-- Provided information --
***

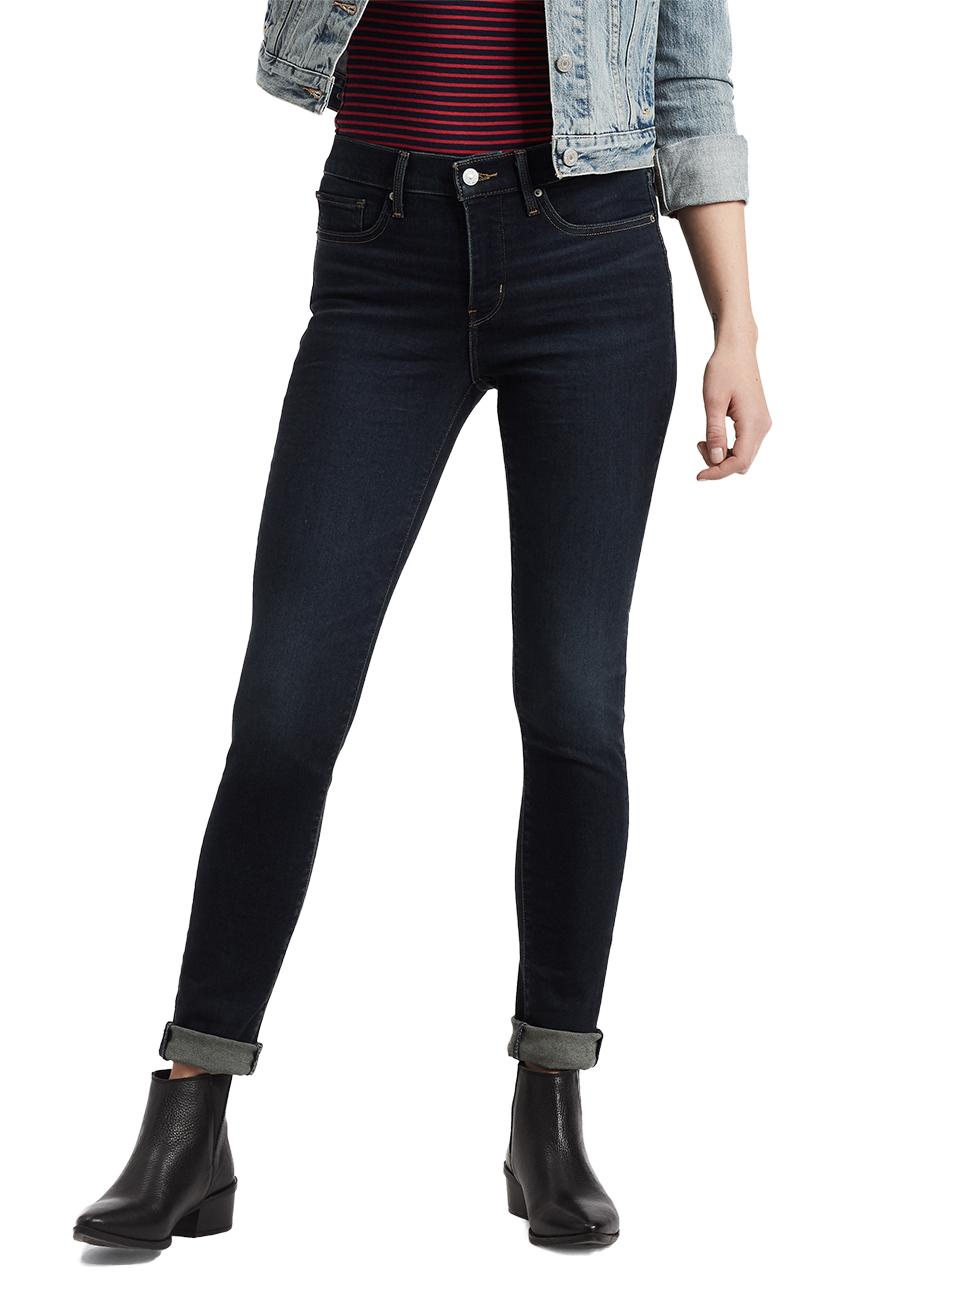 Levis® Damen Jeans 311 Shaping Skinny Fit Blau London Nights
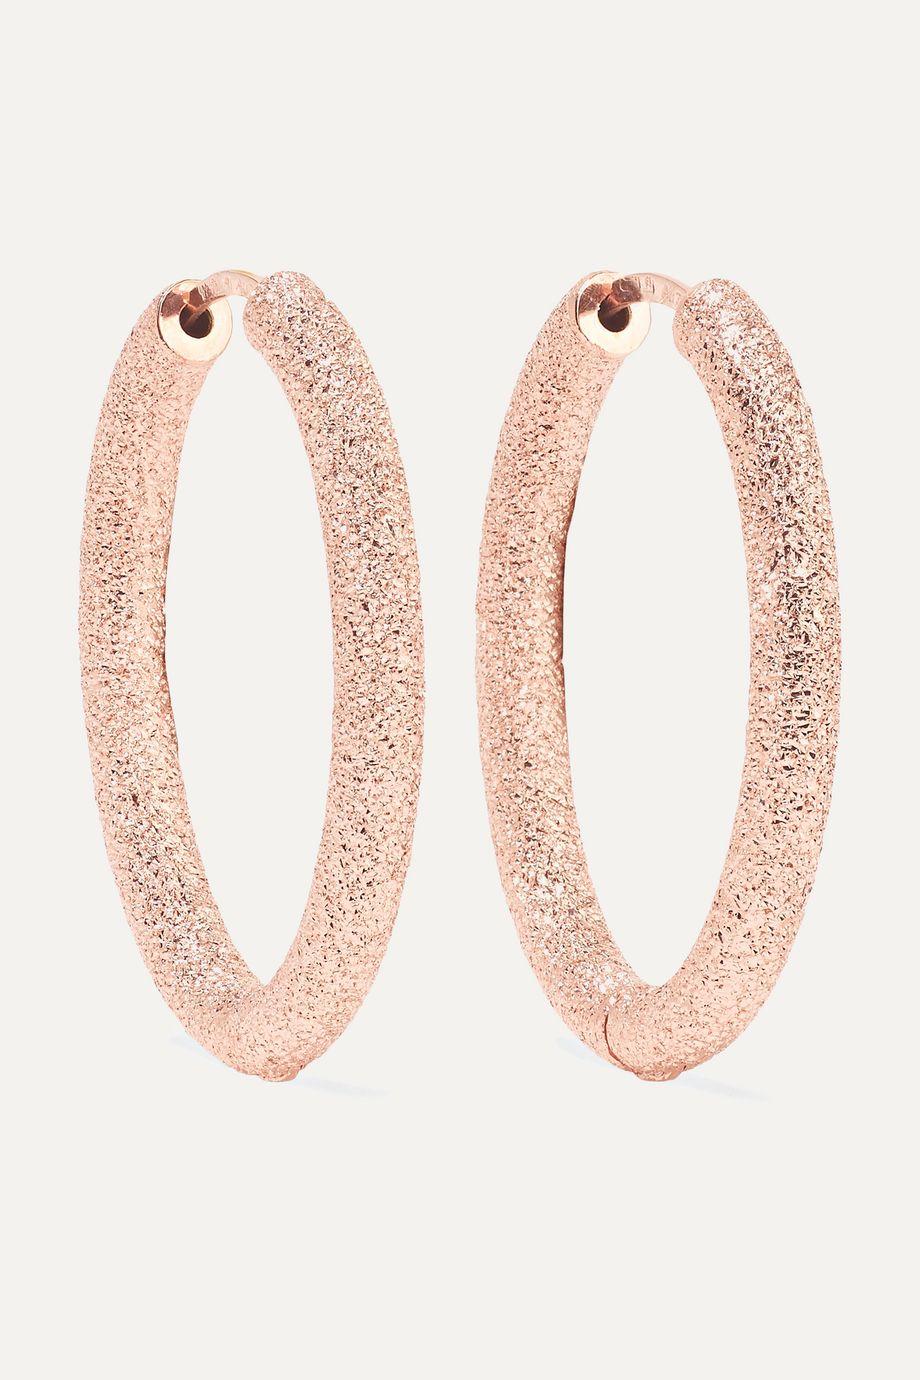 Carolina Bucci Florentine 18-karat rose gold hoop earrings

***

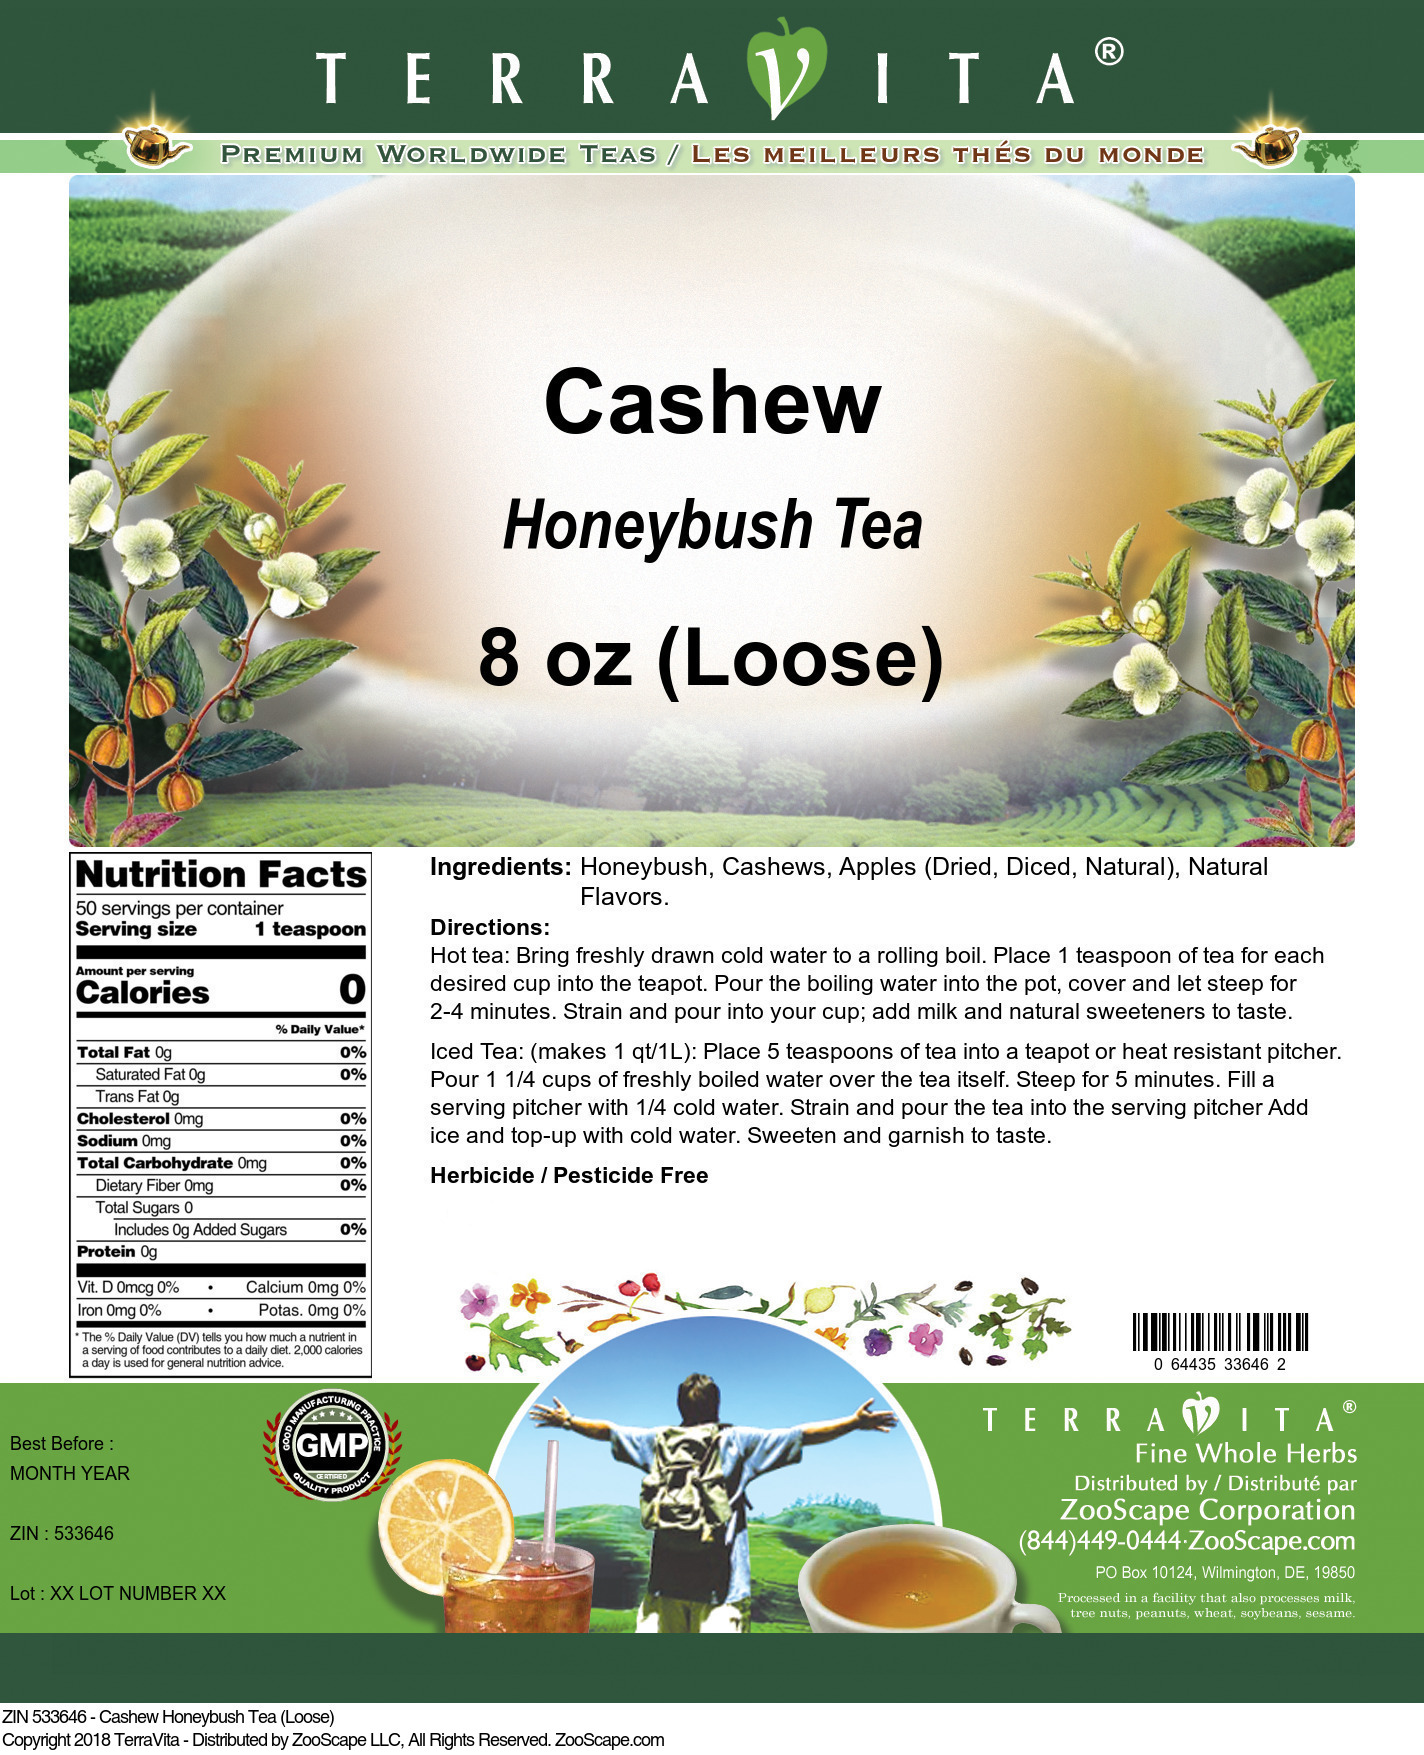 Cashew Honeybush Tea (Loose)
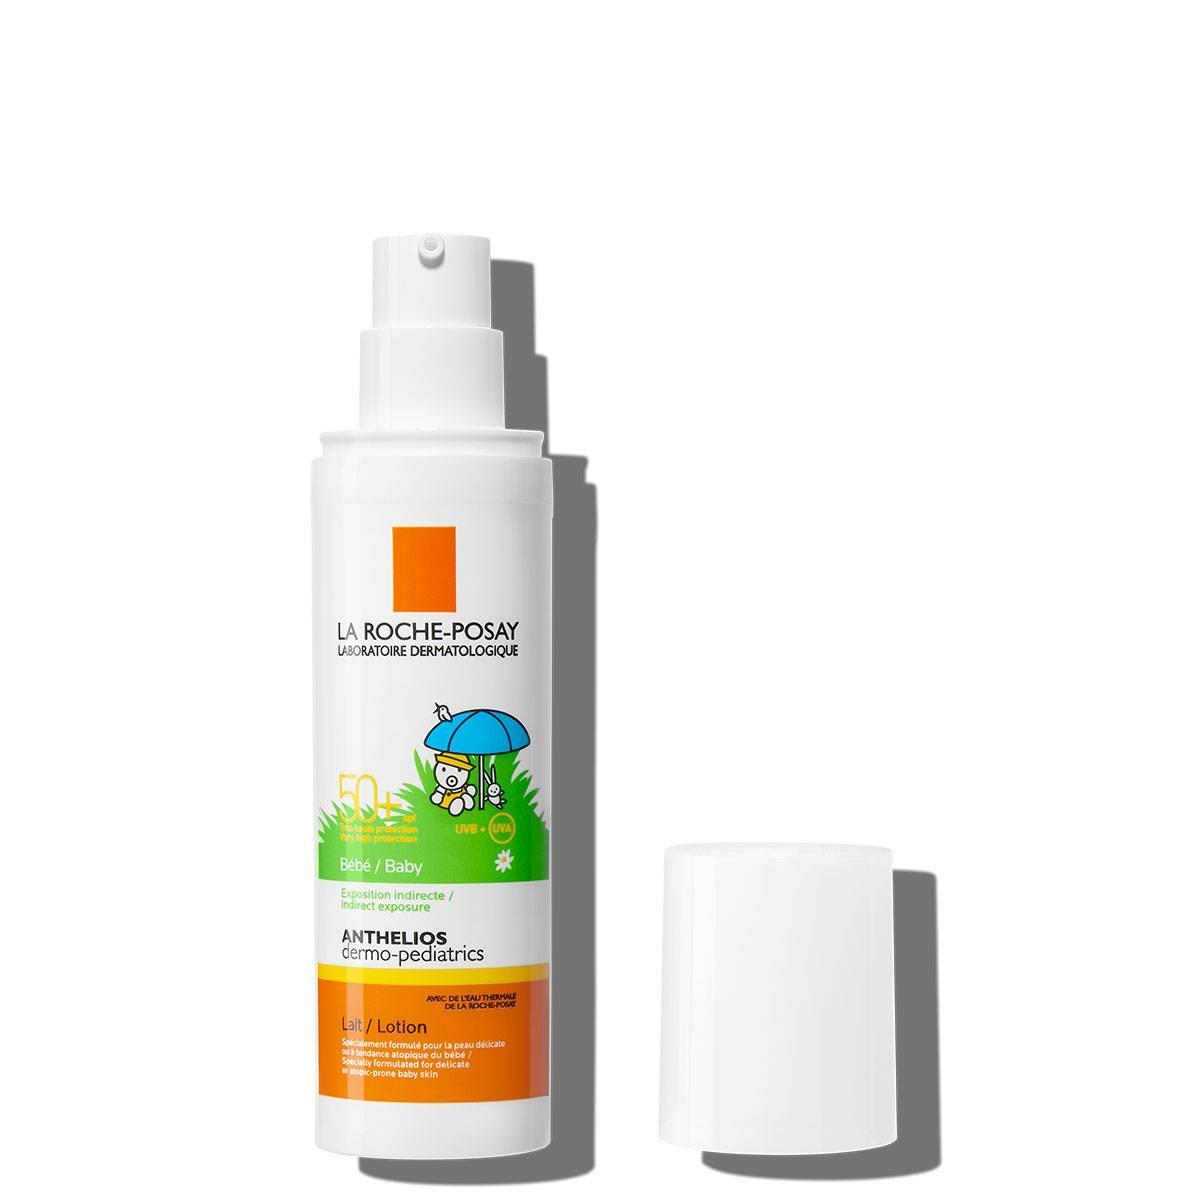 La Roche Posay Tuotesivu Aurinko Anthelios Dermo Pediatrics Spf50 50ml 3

***

-- Your instructions --
Find the line with "Levis® Damen Jeans" in the entries above. Set down exactly every line from it up to and including the line with "Carolina Bucci Florentine", images excluded.

-- Exercise result --
 Levis® Damen Jeans 311 Shaping Skinny Fit Blau London Nights
 Carolina Bucci Florentine 18-karat rose gold hoop earrings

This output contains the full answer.